Numéro d'arrêt : 295973
Numéro NOR : CETATEXT000018007978 ?
Identifiant URN:LEX : urn:lex;fr;conseil.etat;arret;2007-12-21;295973 ?

Analyses :

OUTRE-MER - DROIT APPLICABLE DANS LES COLLECTIVITÉS D'OUTRE-MER ET EN NOUVELLE-CALÉDONIE - DROIT APPLICABLE AUX FONCTIONNAIRES SERVANT OUTRE-MER - RENOUVELLEMENT DE L'AFFECTATION D'UN FONCTIONNAIRE DANS UN TERRITOIRE D'OUTRE-MER - PRISE EN COMPTE DES FRAIS DE CHANGEMENT DE RÉSIDENCE - EXISTENCE - CIRCONSTANCE QUE L'INTÉRESSÉ N'A PAS ACCOMPLI LA TOTALITÉ DE LA SECONDE PÉRIODE D'AFFECTATION DANS LE TERRITOIRE - INCIDENCE - ABSENCE.

46-01-09 Combinaison des dispositions du décret n° 96-1026 du 26 novembre 1996 relatif à la durée d'affectation des fonctionnaires de l'Etat dans un territoire d'outre-mer et du décret n° 98-844 du 22 septembre 1998 relatif à la prise en charge des frais de changement de résidence des fonctionnaires affectés dans un territoire d'outre-mer. Ces dispositions ne font pas obstacle à ce qu'un fonctionnaire, dont l'affectation a été renouvelée à l'issue d'une première période de deux ans puis qui a fait l'objet, à sa demande, d'un changement d'affectation, obtienne le bénéfice de l'indemnité de changement de résidence, alors même qu'il n'a pas accompli la totalité de la seconde période d'affectation de deux ans dans le territoire.

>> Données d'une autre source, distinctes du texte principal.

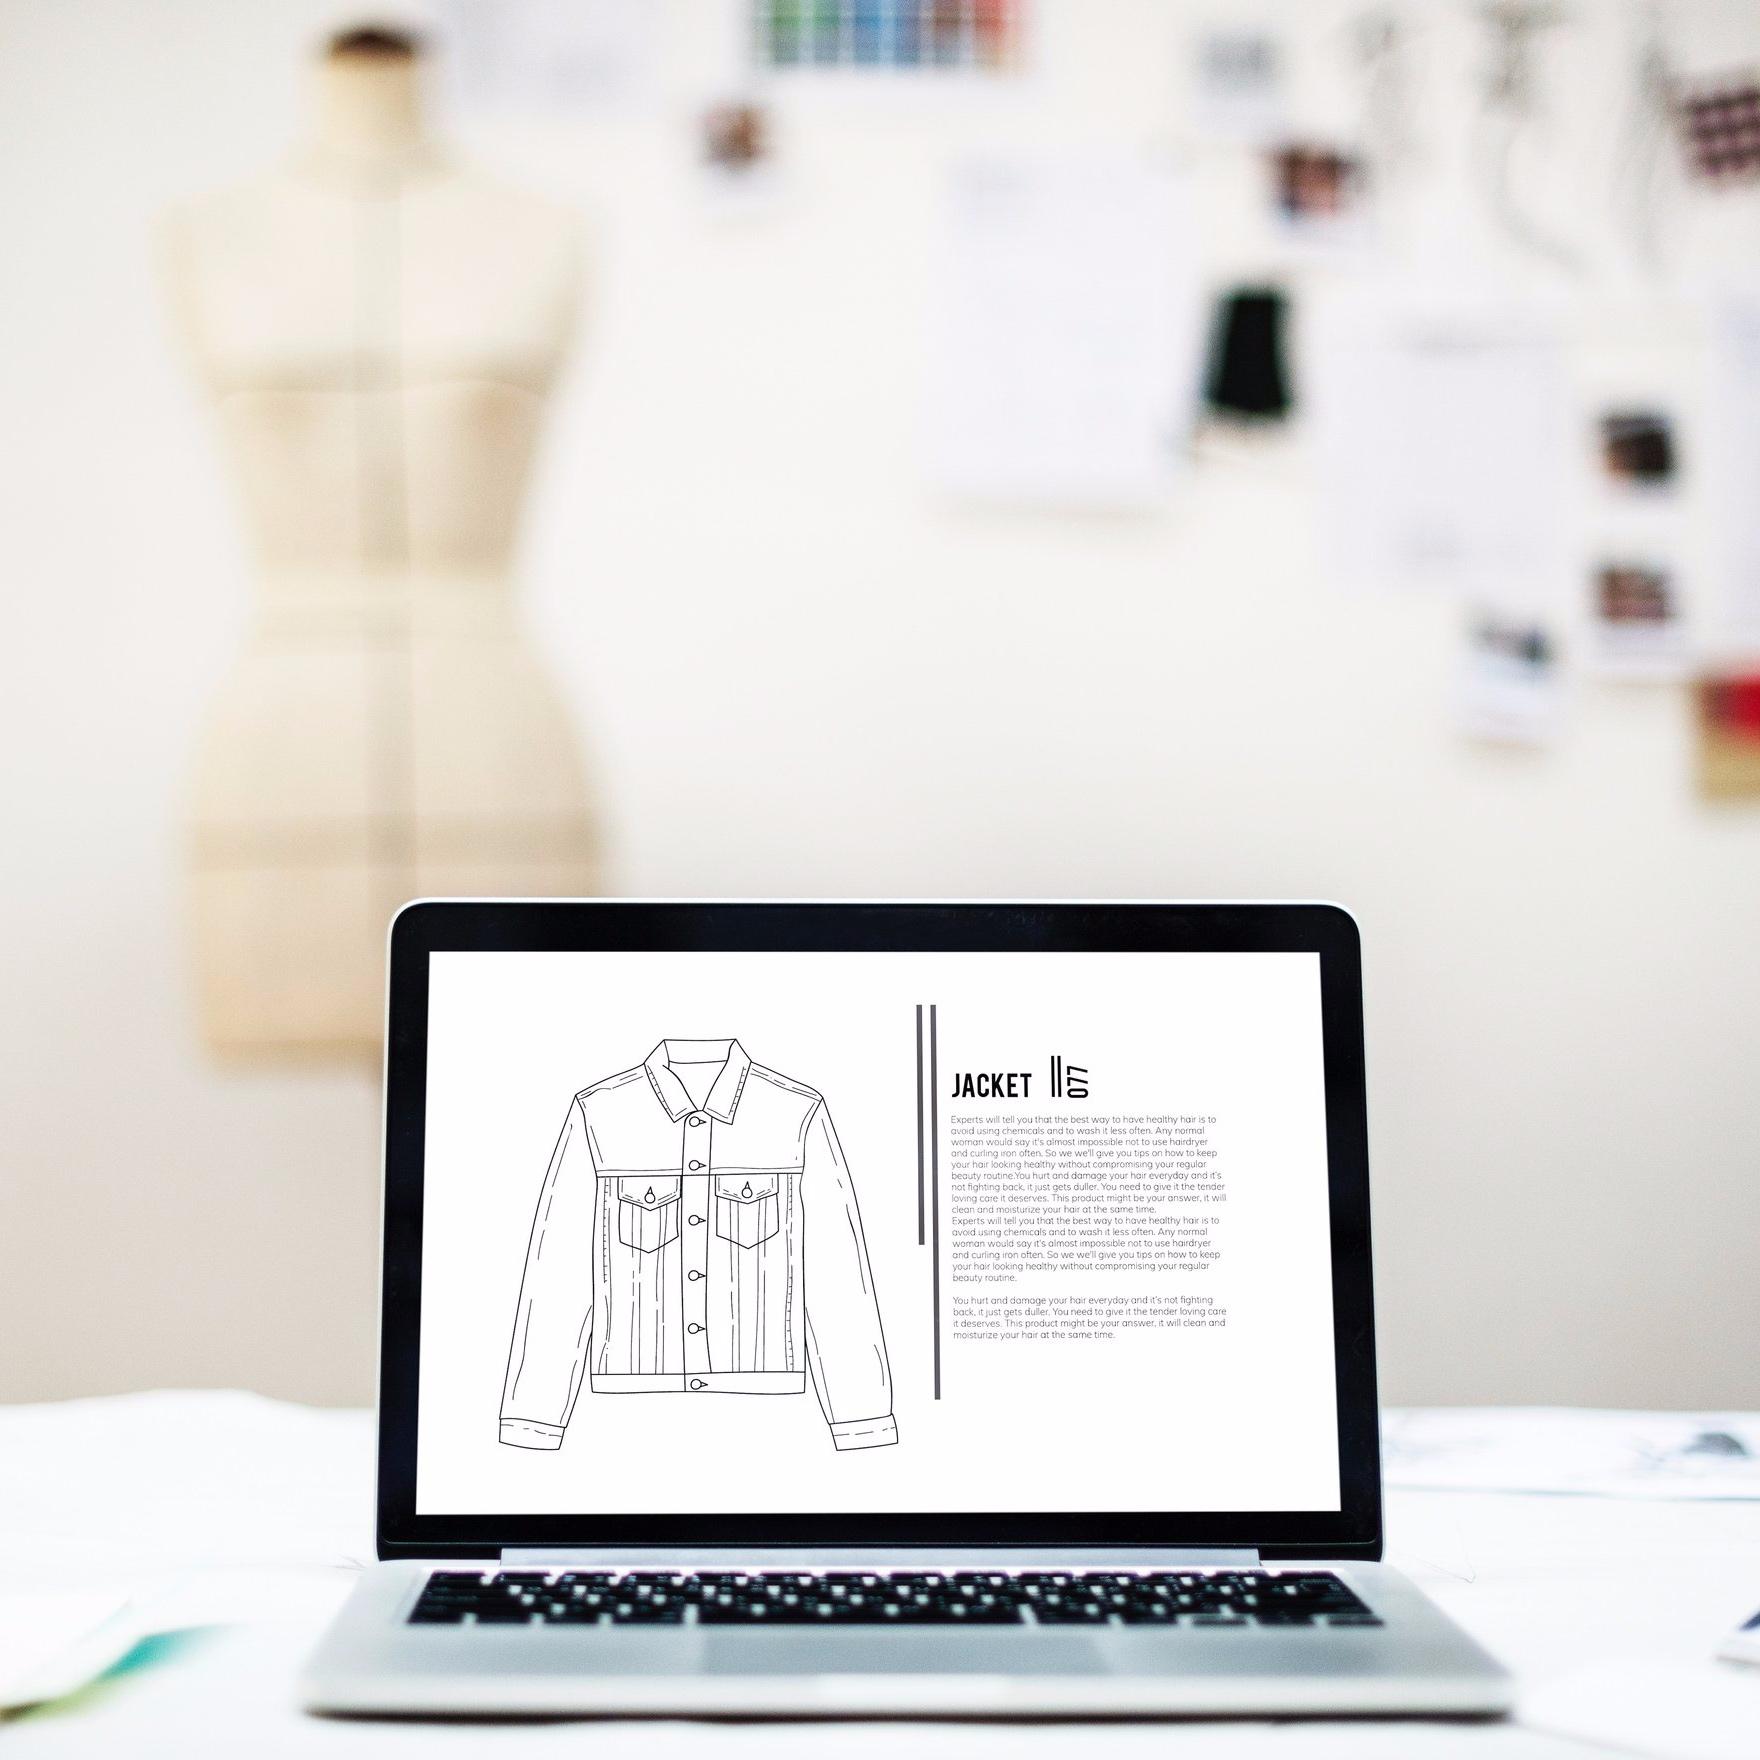 Design Portfolio - An assortment of my professional design work.

OUTRE-MER - DROIT APPLICABLE DANS LES COLLECTIVITÉS D'OUTRE-MER ET EN NOUVELLE-CALÉDONIE - DROIT APPLICABLE AUX FONCTIONNAIRES SERVANT OUTRE-MER - DURÉE DE SÉJOUR - RENOUVELLEMENT DE L'AFFECTATION D'UN FONCTIONNAIRE DANS UN TERRITOIRE D'OUTRE-MER - PRISE EN COMPTE DES FRAIS DE CHANGEMENT DE RÉSIDENCE - EXISTENCE - CIRCONSTANCE QUE L'INTÉRESSÉ N'A PAS ACCOMPLI LA TOTALITÉ DE LA SECONDE PÉRIODE D'AFFECTATION DANS LE TERRITOIRE - INCIDENCE - ABSENCE.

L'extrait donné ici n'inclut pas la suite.